• [Directions]
For the data below, retype word for word the lines from the one containing "Consiliul Județean Sibiu" through the one containing "[Urbanisme] Fermeture exceptionnelle"; drop the pictures.

• [Material supplied]
=-=-=-=-=

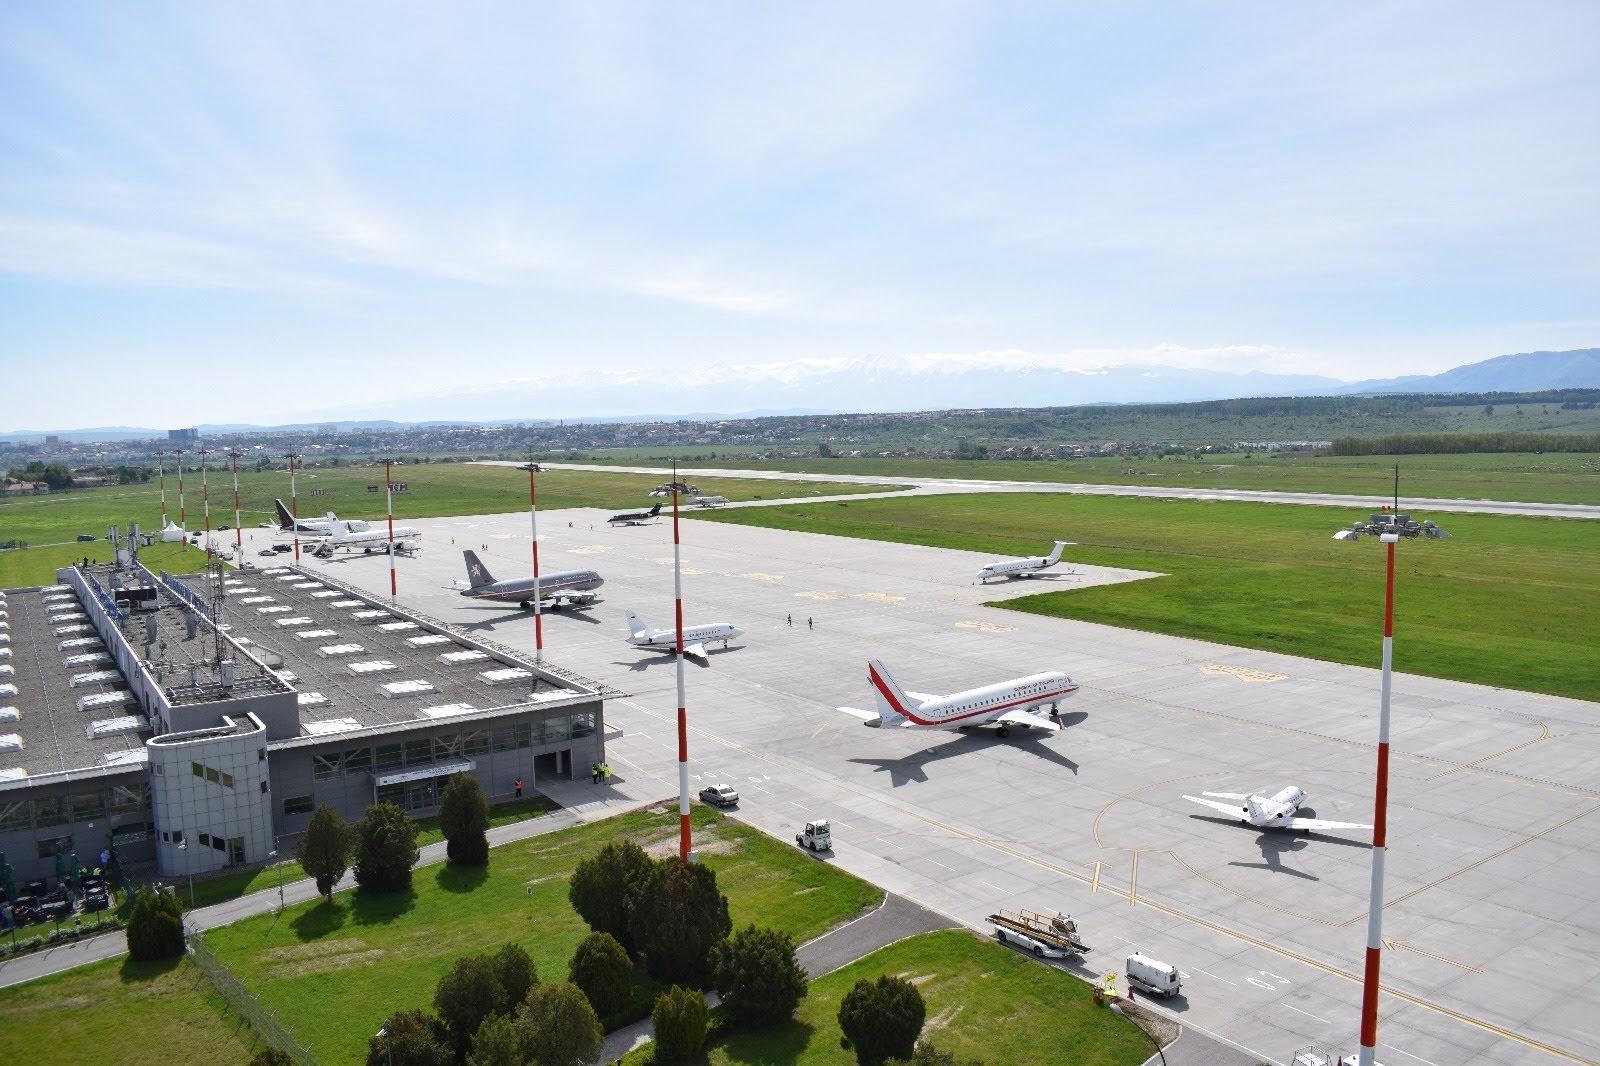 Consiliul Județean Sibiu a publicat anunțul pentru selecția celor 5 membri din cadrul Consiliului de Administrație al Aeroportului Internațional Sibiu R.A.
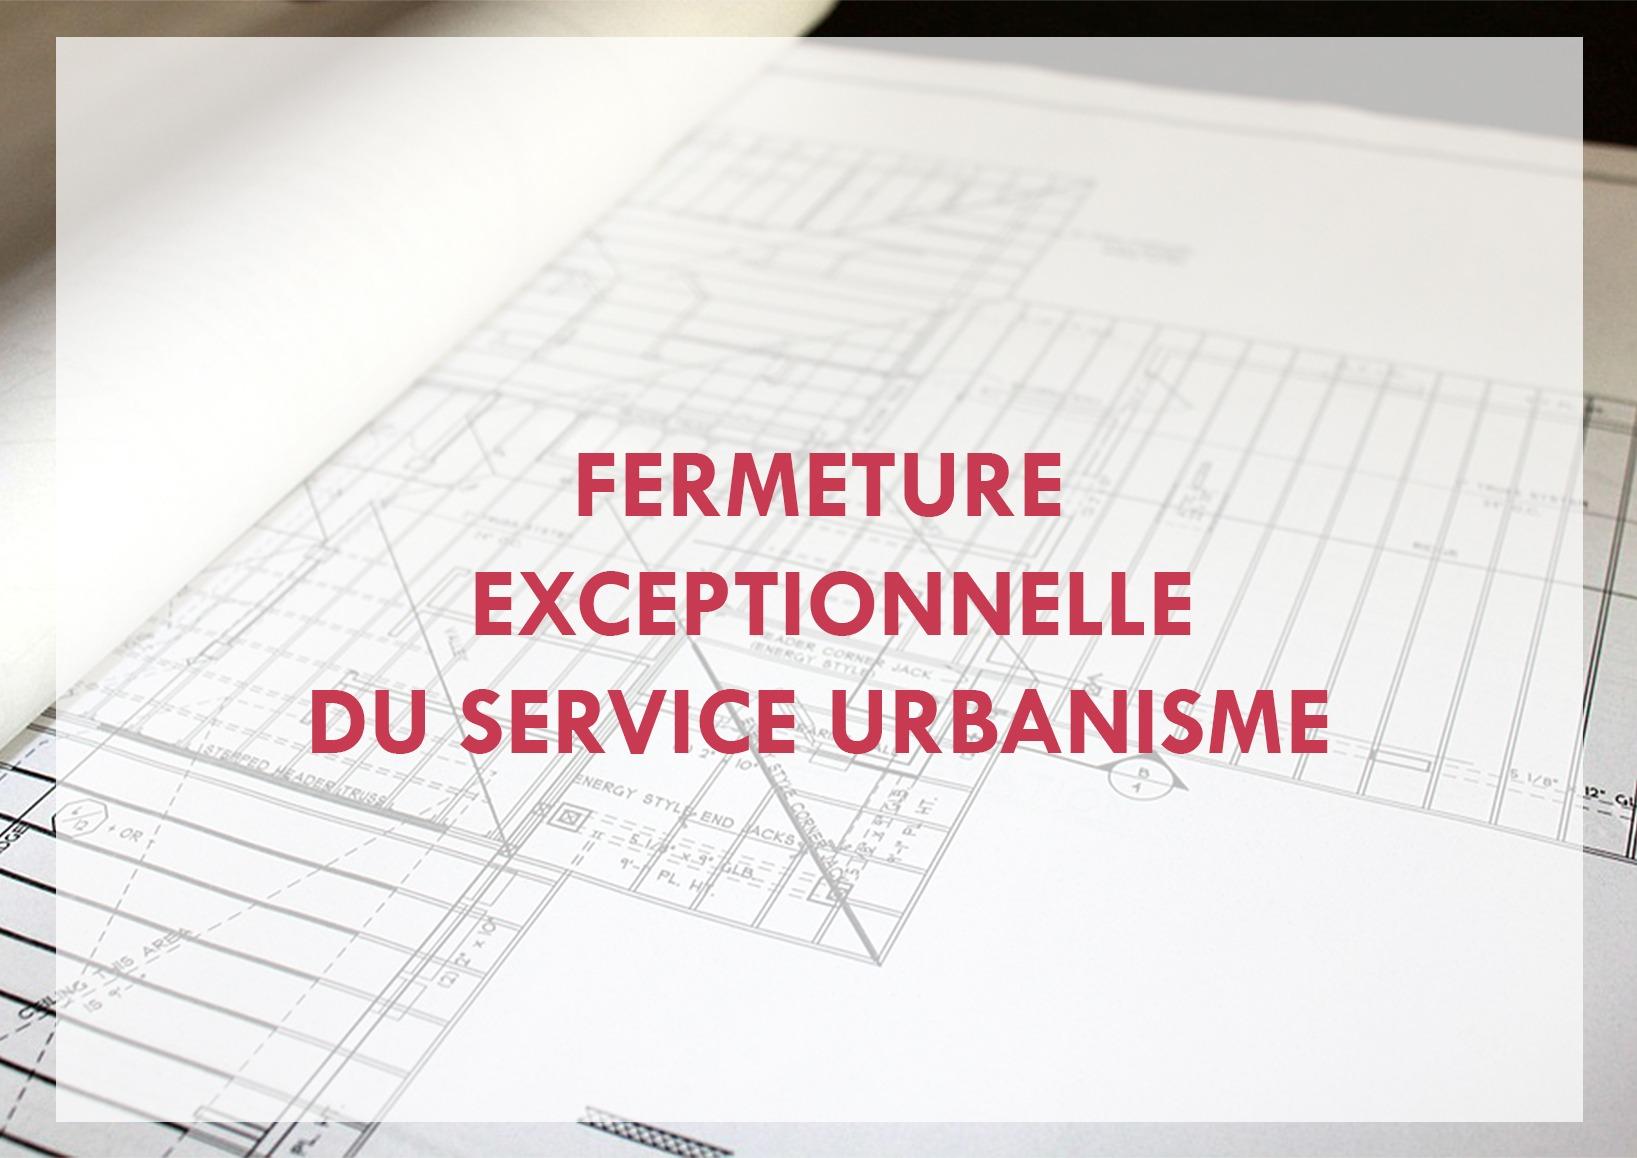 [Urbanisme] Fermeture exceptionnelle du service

=-=-=-=-=

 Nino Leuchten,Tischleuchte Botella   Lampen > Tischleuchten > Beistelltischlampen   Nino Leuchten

=-=-=-=-=

• [Finished exercise]
 Consiliul Județean Sibiu a publicat anunțul pentru selecția celor 5 membri din cadrul Consiliului de Administrație al Aeroportului Internațional Sibiu R.A.
 [Urbanisme] Fermeture exceptionnelle du service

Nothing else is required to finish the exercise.